Immediately after this command is submitted, you should see the Argo command line kick into high-gear, showing the inputs and the status of your workflow. At first, it may show Unschedulable warnings, but that's just because Kubernetes is evicting idle containers and getting your systems ready to run.

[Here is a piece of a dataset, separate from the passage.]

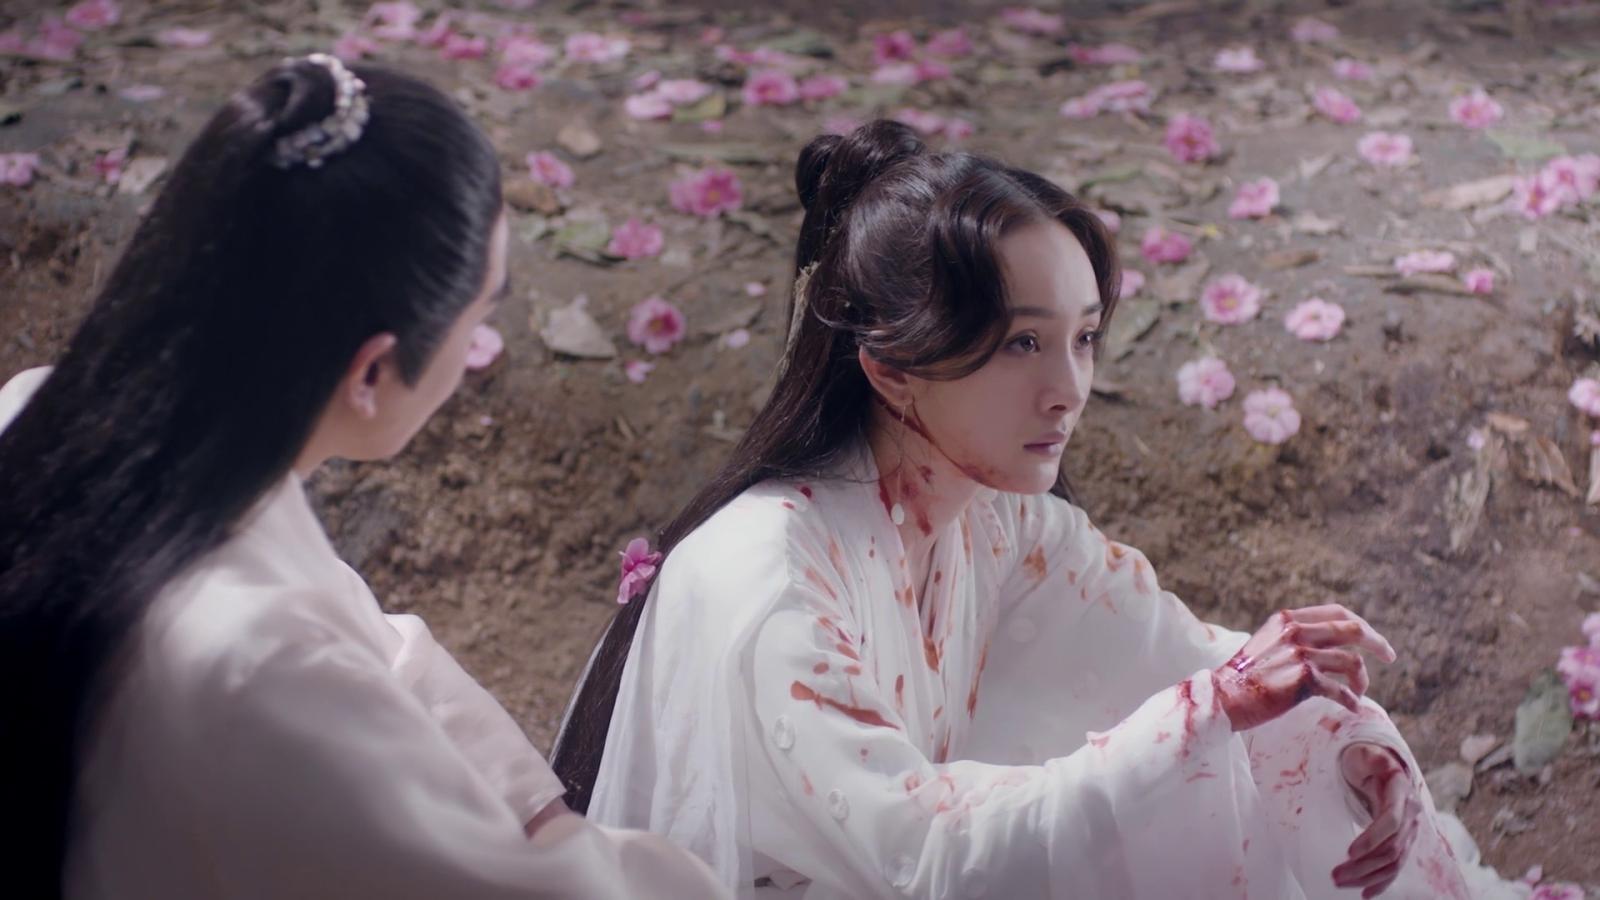 Ten Miles of Peach Blossoms 三生三世十里桃花 - Episode 26
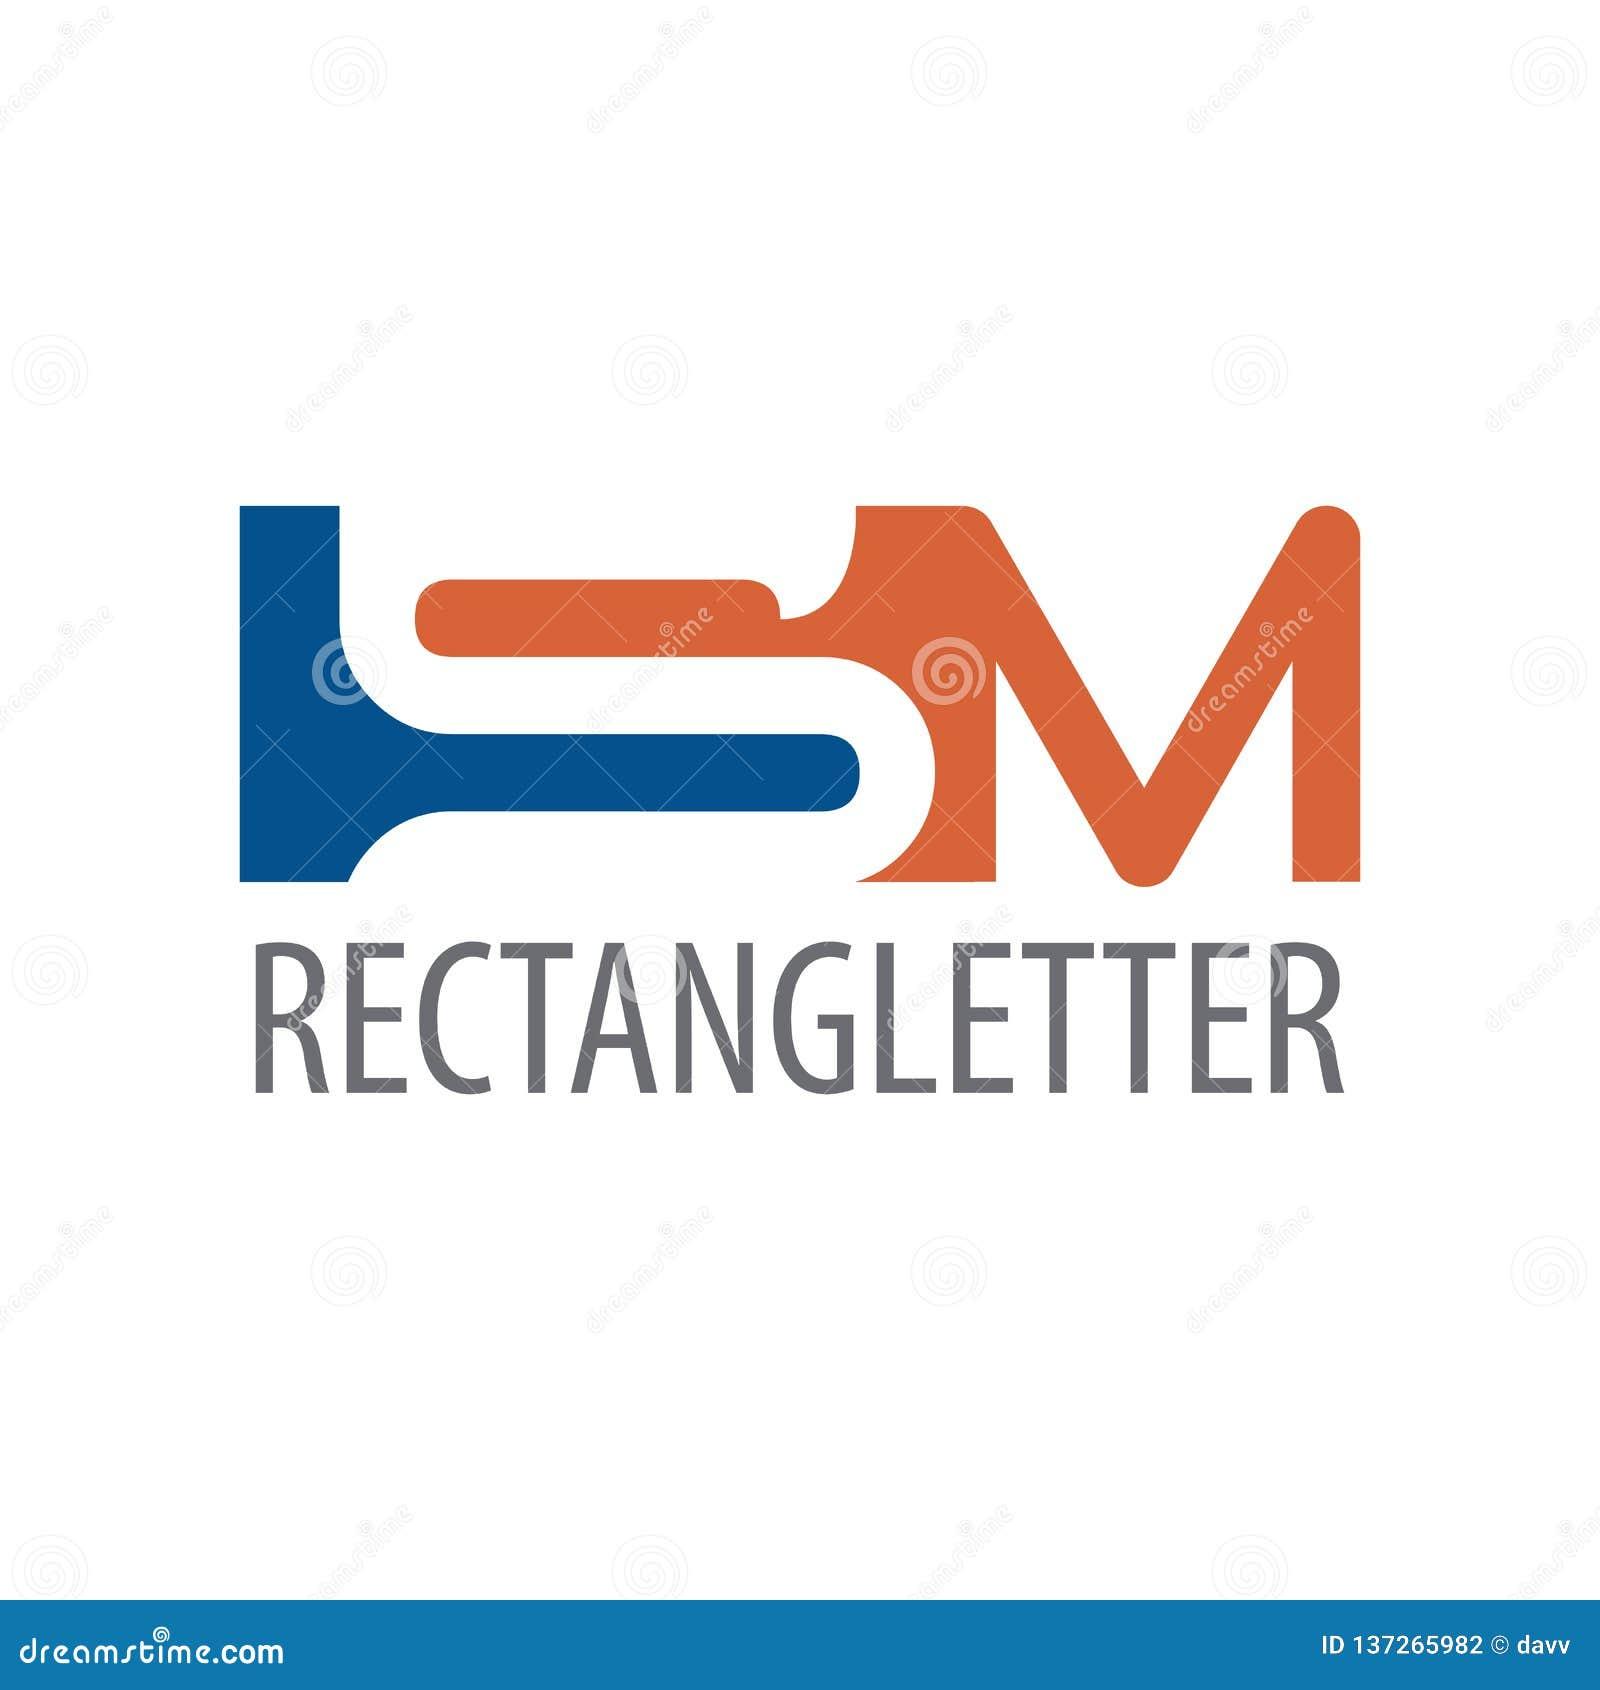 Rectangle initial letter SM logo concept design. Symbol graphic template element

After about 1 minute you should see a screen that looks like:

Name: render-sjf6t
Namespace: tenant-test
ServiceAccount: default
Status: Succeeded
Created: Fri May 29 22:26:01 -0400 (2 minutes ago)
Started: Fri May 29 22:26:01 -0400 (2 minutes ago)
Finished: Fri May 29 22:28:12 -0400 (now)
Duration: 2 minutes 11 seconds
Parameters:
filename: /data/bmw27_gpu.blend
sliceSize: 1
start: 1
stop: 10
outputLocation: /data/output/bmw27_gpu/
STEP PODNAME DURATION MESSAGE
✔ render-sjf6t (main)
├---✔ slice (gen-slices) render-sjf6t-2863198607 3s
└-·-✔ render(0:start:1,stop:1)(0) (render-blender) render-sjf6t-1206241518 1m
├-✔ render(1:start:2,stop:2)(0) (render-blender) render-sjf6t-2071804633 1m
├-✔ render(2:start:3,stop:3)(0) (render-blender) render-sjf6t-2756225068 1m
├-✔ render(3:start:4,stop:4)(0) (render-blender) render-sjf6t-2726811839 1m
├-✔ render(4:start:5,stop:5)(0) (render-blender) render-sjf6t-3220888738 1m
├-✔ render(5:start:6,stop:6)(0) (render-blender) render-sjf6t-3319286957 1m
├-✔ render(6:start:7,stop:7)(0) (render-blender) render-sjf6t-577269840 1m
├-✔ render(7:start:8,stop:8)(0) (render-blender) render-sjf6t-3336690355 1m
├-✔ render(8:start:9,stop:9)(0) (render-blender) render-sjf6t-3980468470 2m
└-✔ render(9:start:10,stop:10)(0) (render-blender) render-sjf6t-2756728893 1m

This shows the status of your 10 frames being rendered on 10 different GPU instances with 4x GTX 1070(Ti) each. You can now browse to your File Browser site, and you should see a fresh folder outputs with sub-directory bmw27_gpu that is filled with your 10, freshly rendered frames!

So, what did we get with all this effort? We got ourselves a beautiful, CGI generated BMW demo file:

With just some small changes to the Argo workflow we just built and used, you can now run your Blender GPU rendering on thousands of GPUs simultaneously!